TASK REQUIREMENTS: Repeat the listing below word for word, minus the pictures.

GIVEN DATA:

-------------------------

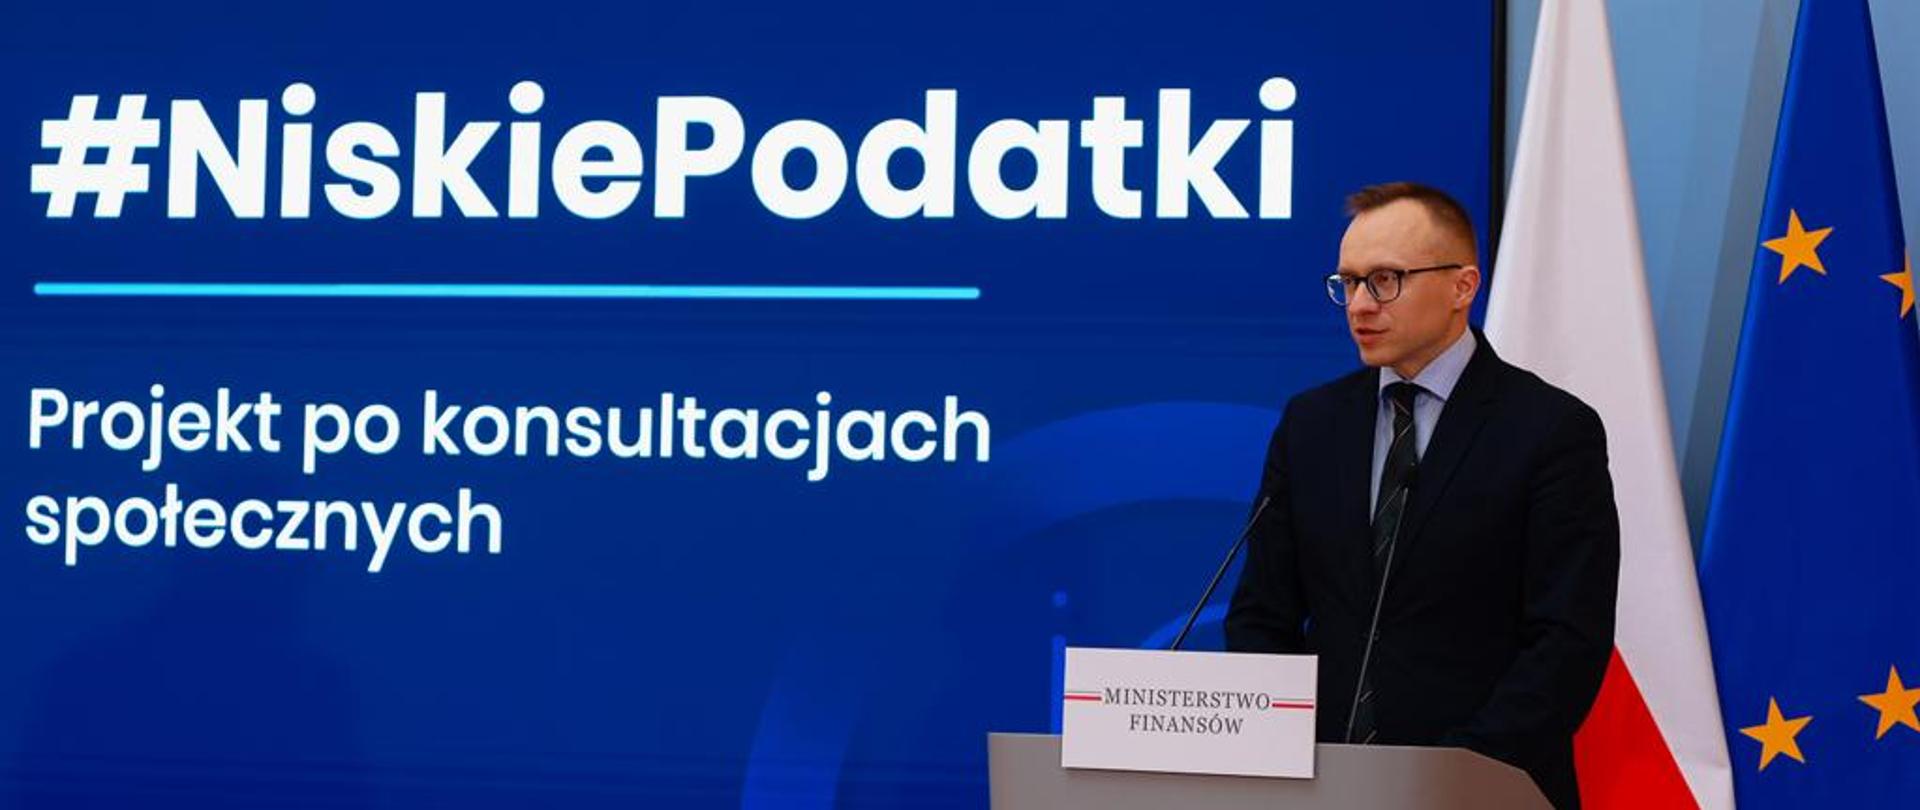 Minister Artur Soboń podczas konferencji na tle banera z napisem Niskie Podatki - projekt po konsultacjach społecznych
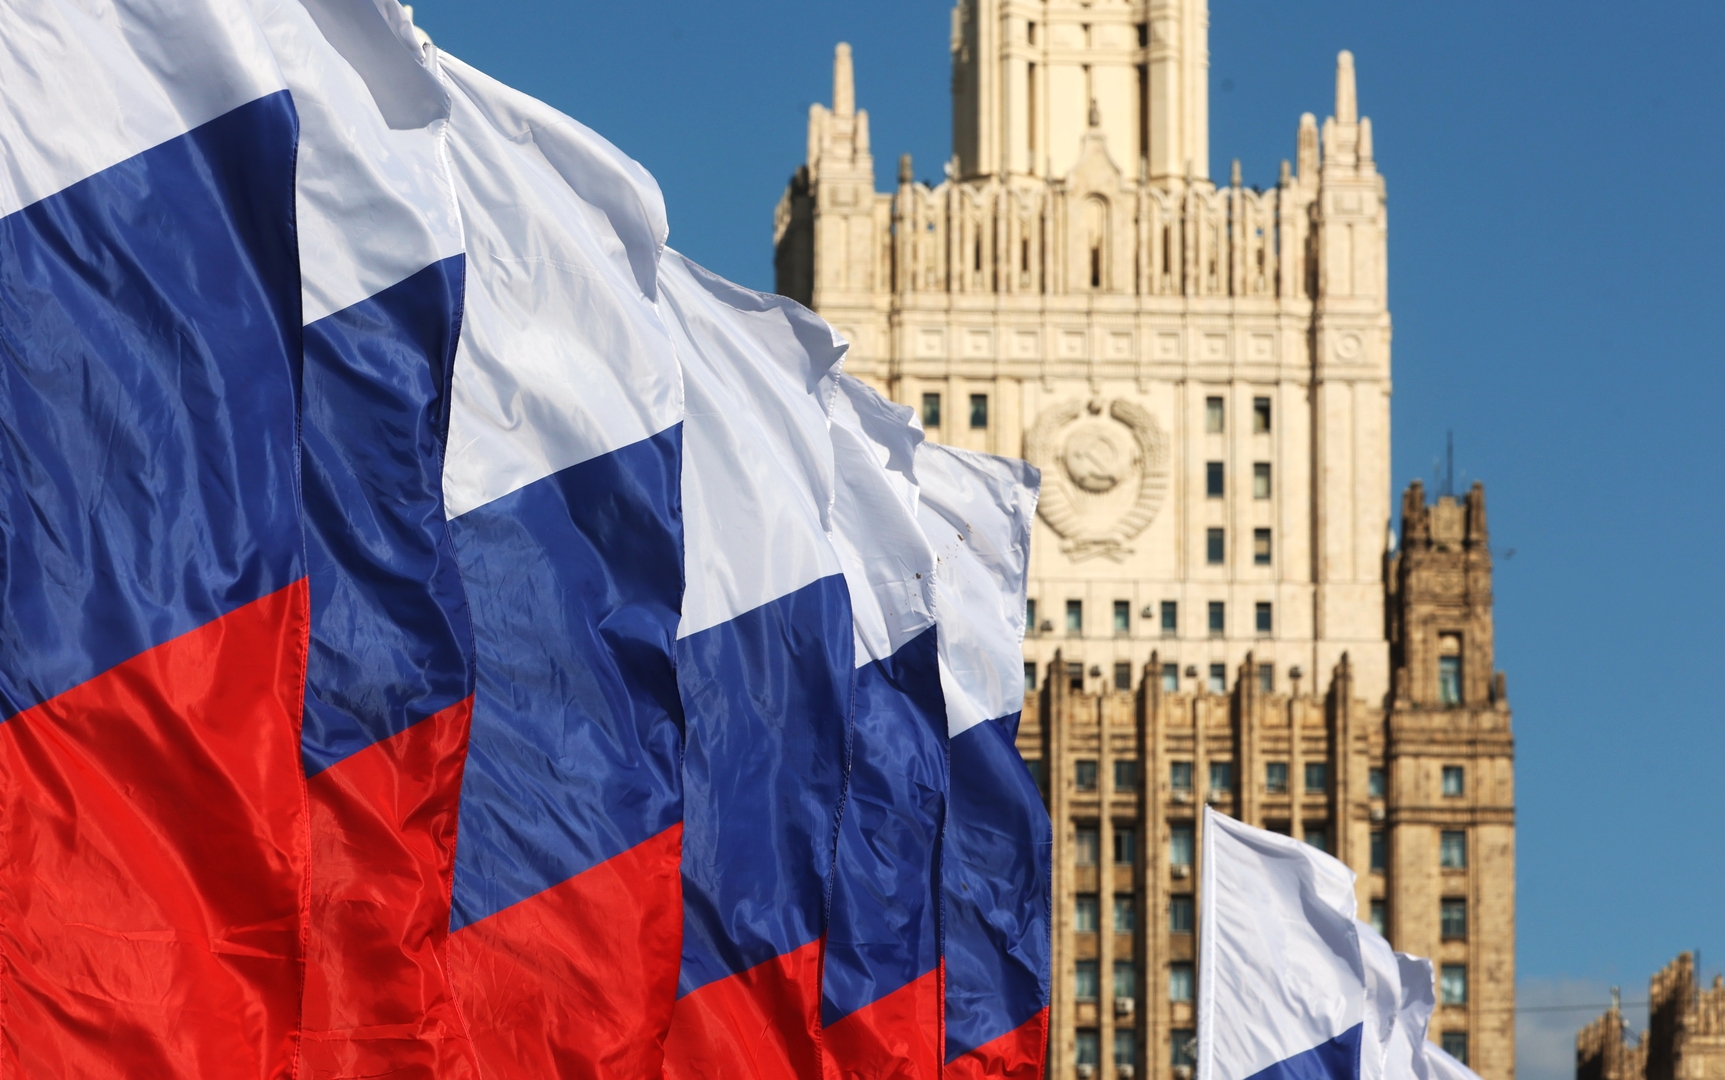 موسكو تدين الضربات الأمريكية لسوريا والعراق وتدعو لاجتماع عاجل لمجلس الأمن
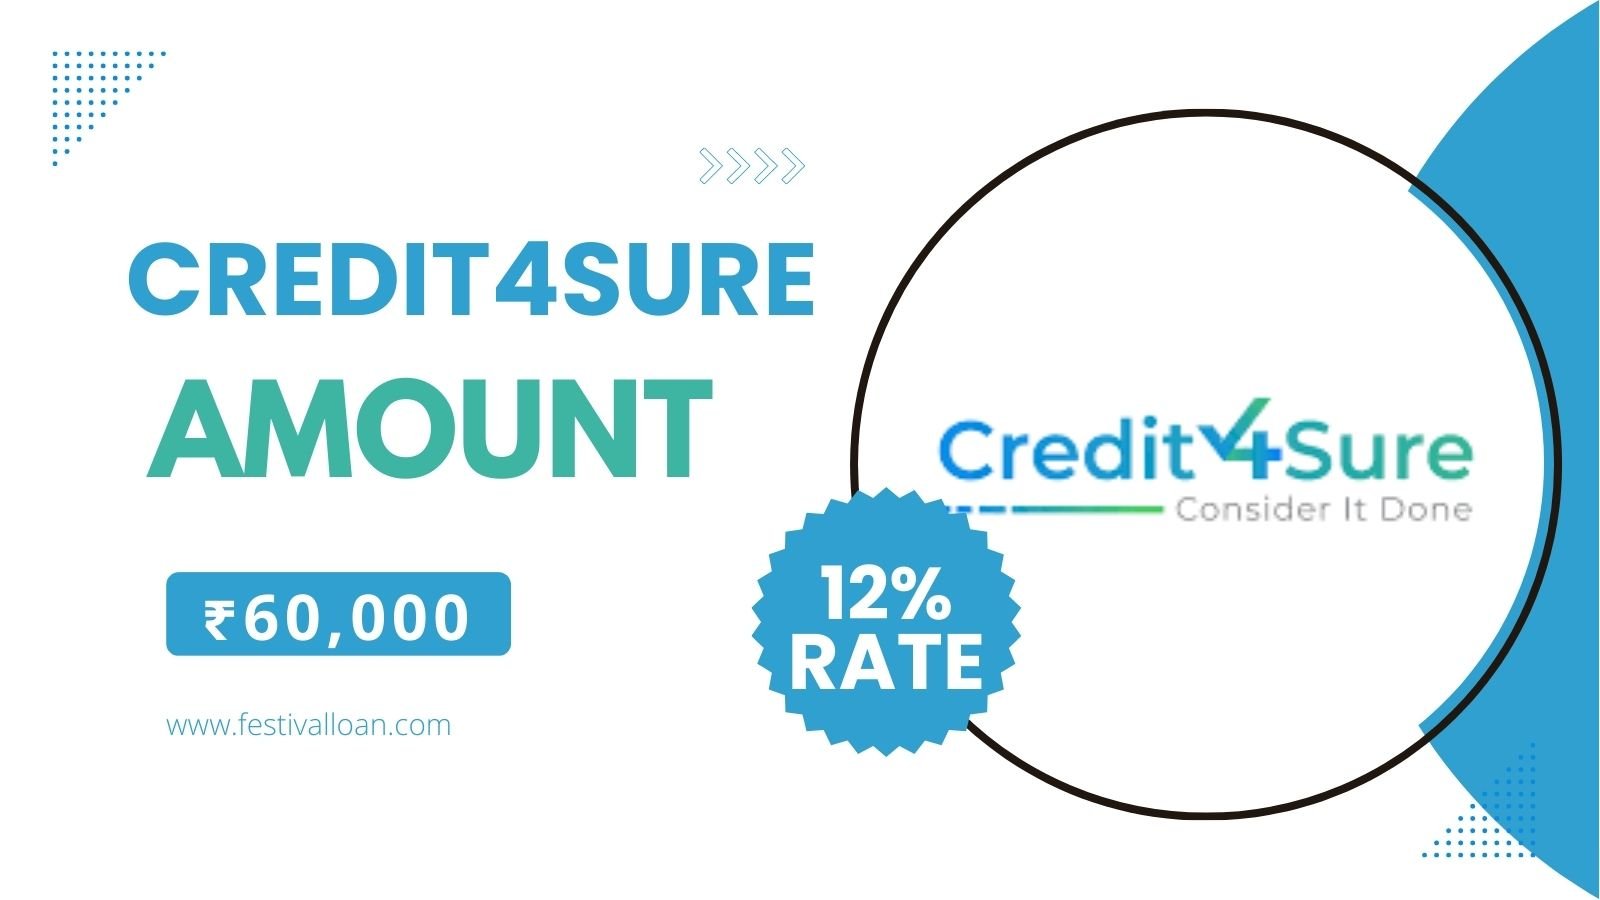 Credit4sure Loan App से आपको कितना लोन मिलेगा?

-------------------------

RESPONSE:
 Minister Artur Soboń podczas konferencji na tle banera z napisem Niskie Podatki - projekt po konsultacjach społecznych
 موسكو تدين الضربات الأمريكية لسوريا والعراق وتدعو لاجتماع عاجل لمجلس الأمن
 Credit4sure Loan App से आपको कितना लोन मिलेगा?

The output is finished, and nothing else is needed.